Они поехали в Абрамцево. Вернулись оттуда первой утренней электричкой усталые, охрипшие, голодные и счастливые. Сергей проводил ее домой и отправился к себе в Переделкино. Этот день был свободный от занятий, и Сергей проспал почти до вечера. Так же спала Наташа.
Они улыбались во сне, не зная, что прошедшая ночь была чуть ли не лебединой песней их любви: всего лишь сутки отделяло их от двух писем, полученных одновременно и написанных одной и той же рукой — рукой ее матери, Екатерины Васильевны Малаховой.

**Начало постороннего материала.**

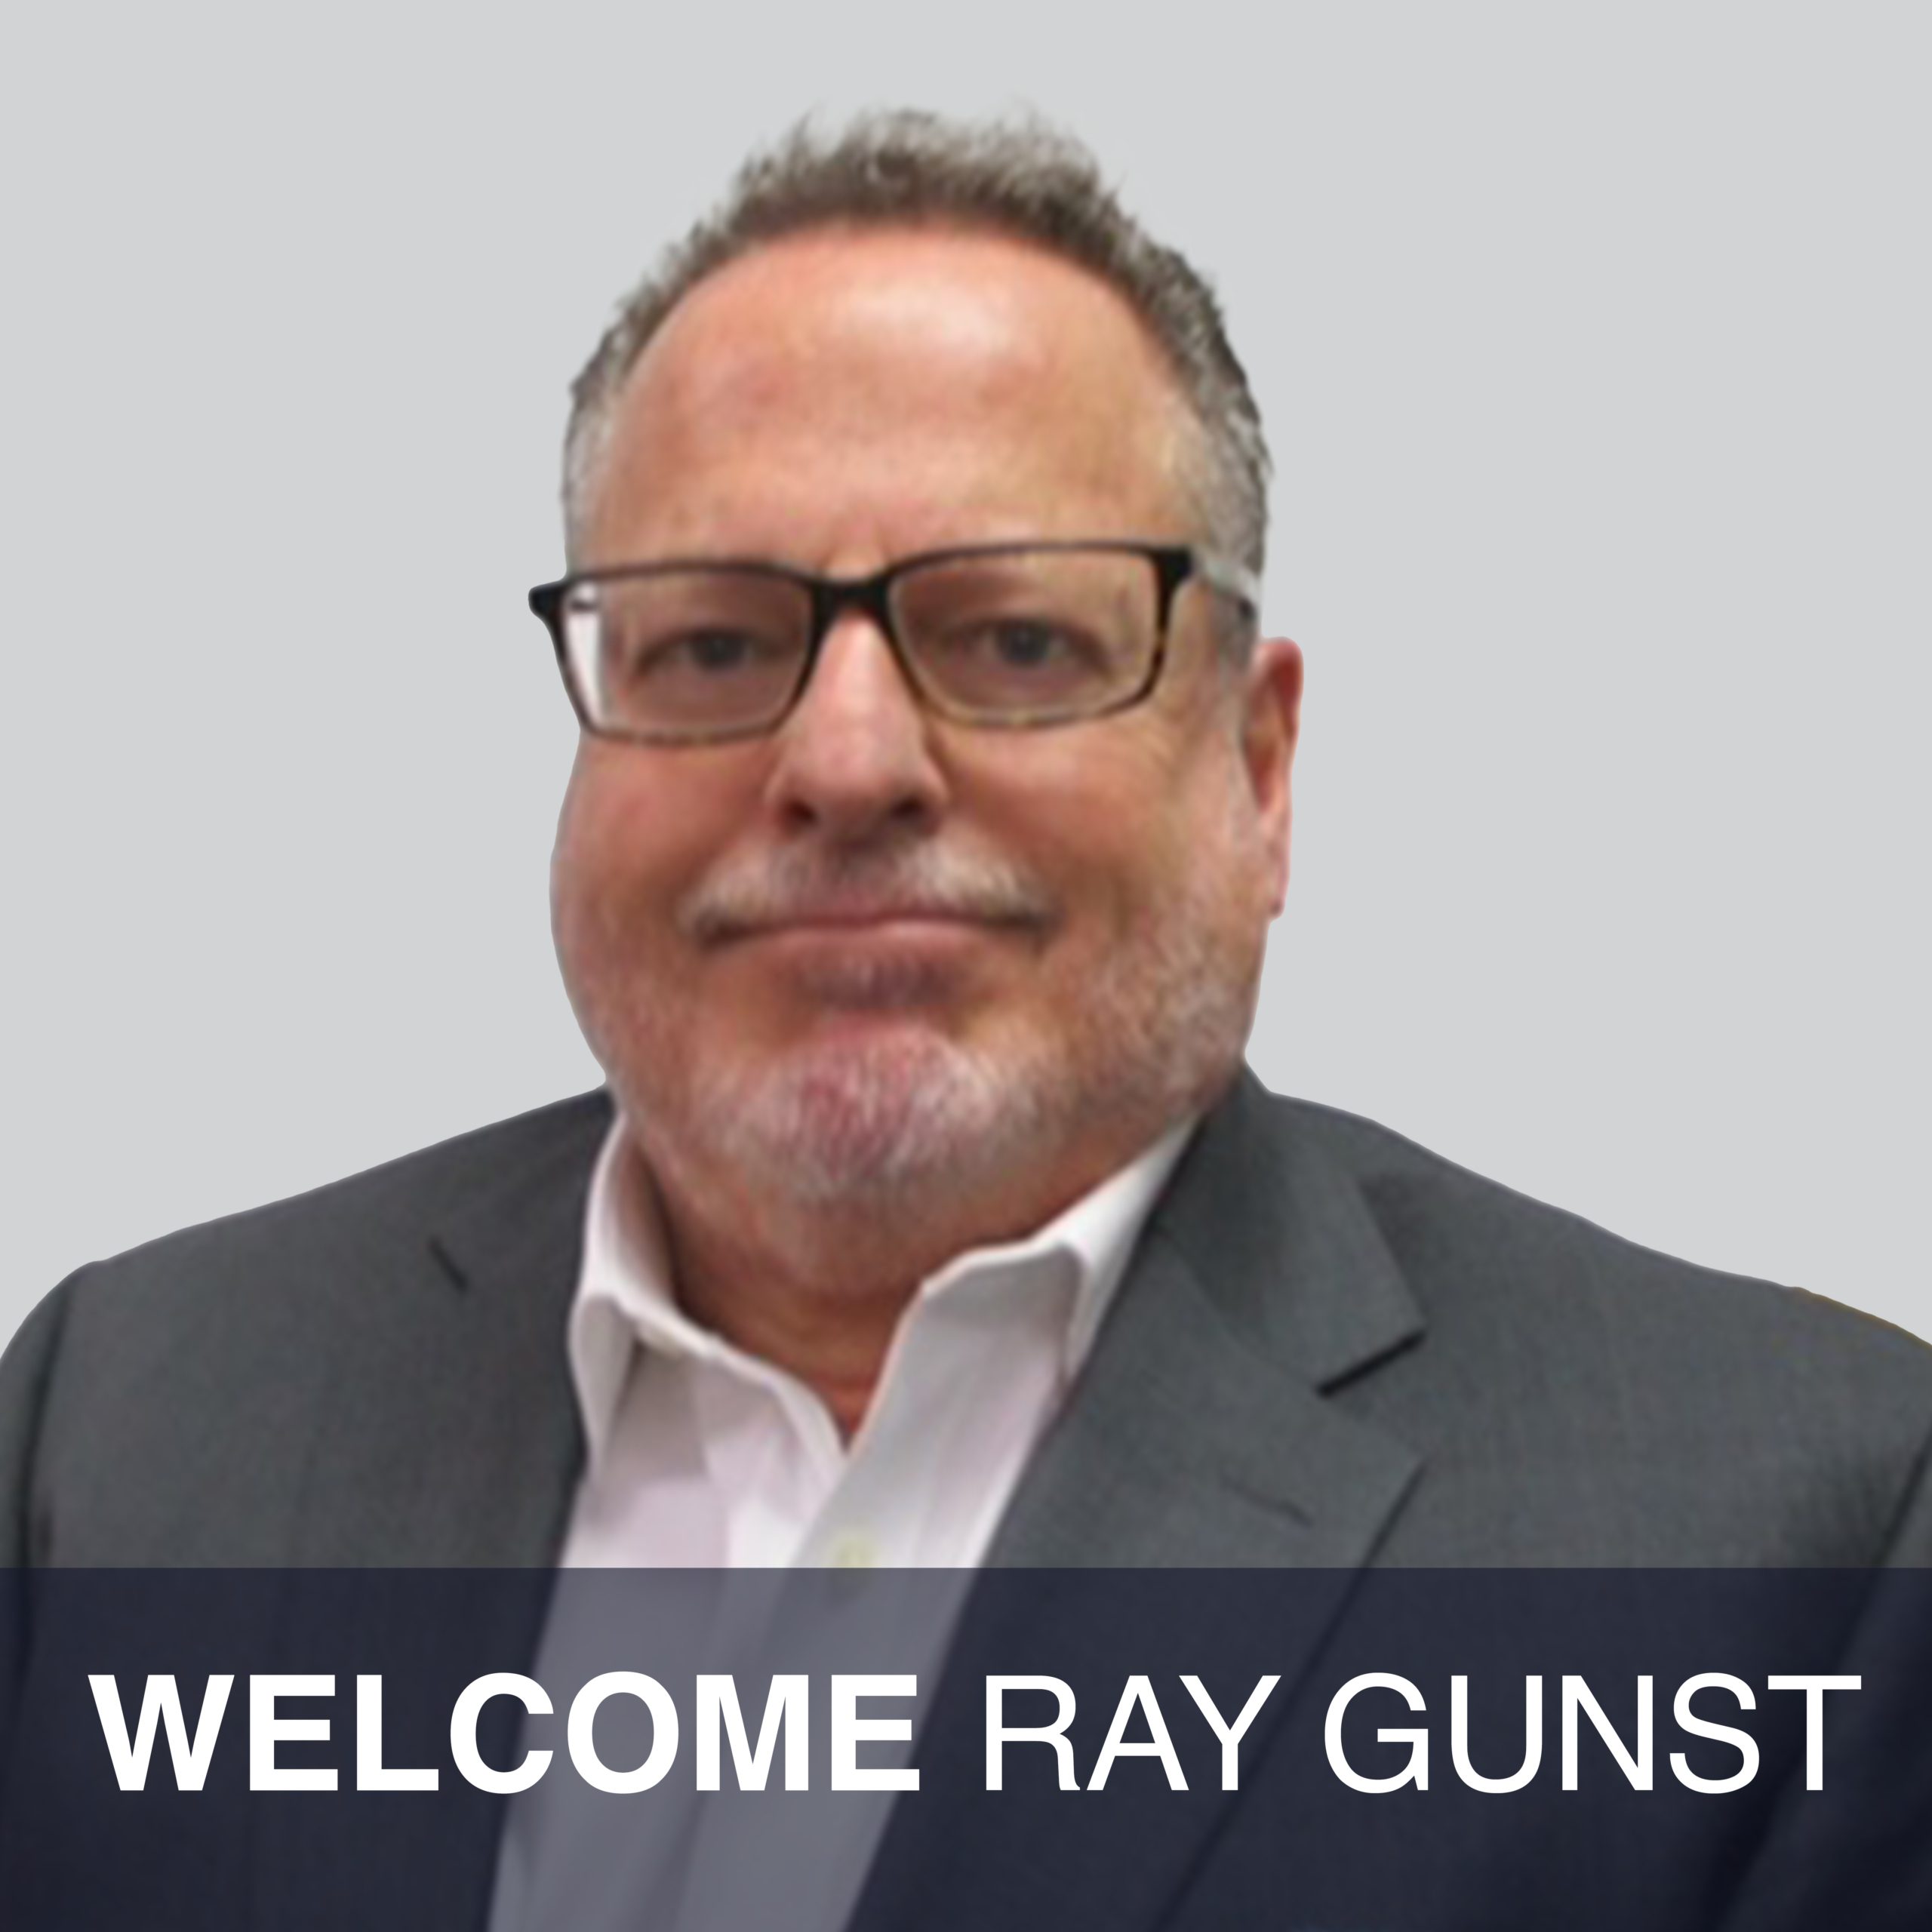 Ray Gunst

К нему письмо было длиннее, сдержанней и вместе с тем нежнее, чем к дочери. Но и в первом и во втором сквозь все объяснения проступала искренняя тревожная мольба: сдержать себя, не заходить далеко в своих чувствах, разойтись хорошими друзьями.

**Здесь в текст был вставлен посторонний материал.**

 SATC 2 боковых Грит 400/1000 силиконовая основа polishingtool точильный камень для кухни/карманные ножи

«Порой такие встречи, — писала она Сергею, — длятся всю жизнь. Это и хорошо и плохо. Мне, конечно, очень неудобно вмешиваться в ваши отношения, потому что у вас, Сережа, может сложиться неблагоприятное впечатление обо мне. Тем более вы меня никогда не видели. Но я верю дочери (а значит, и вам) и поэтому буду говорить с вами откровенно, как с сыном. Я не стану кривить душой, ну, хотя бы по такой простой причине: ваше недавнее знакомство с одним человеком, надеюсь, кое-что рассказало вам о моей далекой молодости».

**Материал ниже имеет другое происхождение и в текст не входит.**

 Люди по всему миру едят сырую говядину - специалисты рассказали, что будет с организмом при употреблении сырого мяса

Дальше она перешла к главному. Оказывается, ее муж, Юрий Николаевич Малахов, много лет проработавший над серьезным трудом по акклиматизации плодоягодных, который он собирался представить на соискание докторской степени, вдруг тяжело заболел. Книга вчерне была уже почти готова. Оставалось собрать лишь кое-какие дополнительные материалы теоретического порядка и провести два-три опыта, требующие полгода времени. Общее расстройство нервной системы, граничащее с шизофренией, два приступа инфаркта, экзема — все это побудило врачей запретить ему заниматься научной работой. Для того чтобы хоть сколько-нибудь заглушить нагрянувшее на него горе и тем самым поддержать свое пошатнувшееся здоровье, он вынужден был поступить завскладом в МТС, расположенную неподалеку от бесконечно дорогой его сердцу опытной станции.
«Я бы не стала, Сережа, подробно описывать вам все, — продолжала Екатерина Васильевна, — если бы не одно (не могу подобрать точного определения) обстоятельство. Юрий Николаевич с давних пор, еще задолго до замужества дочери, души не чает в ее муже, Мише Самсонове. Я также очень хорошо отношусь к Мише. И все же, если бы у вас с Натой все зашло слишком далеко и неотвратимо, я бы, наверное, поступилась своими привычками и привязанностями. Но Юрий Николаевич — совсем другое дело. Вы сами теперь видите, что для него такое было бы не под силу…
Я знаю: вы меня поймете и простите за все, в чем никто из нас пятерых не виноват.
Пусть вам, Сережа, хорошо и светло живется на белом свете.
Перечитав несколько раз письмо, Сергей позвонил Наташе. Ее не было дома. Спустя час он снова позвонил. Трубку сняла она.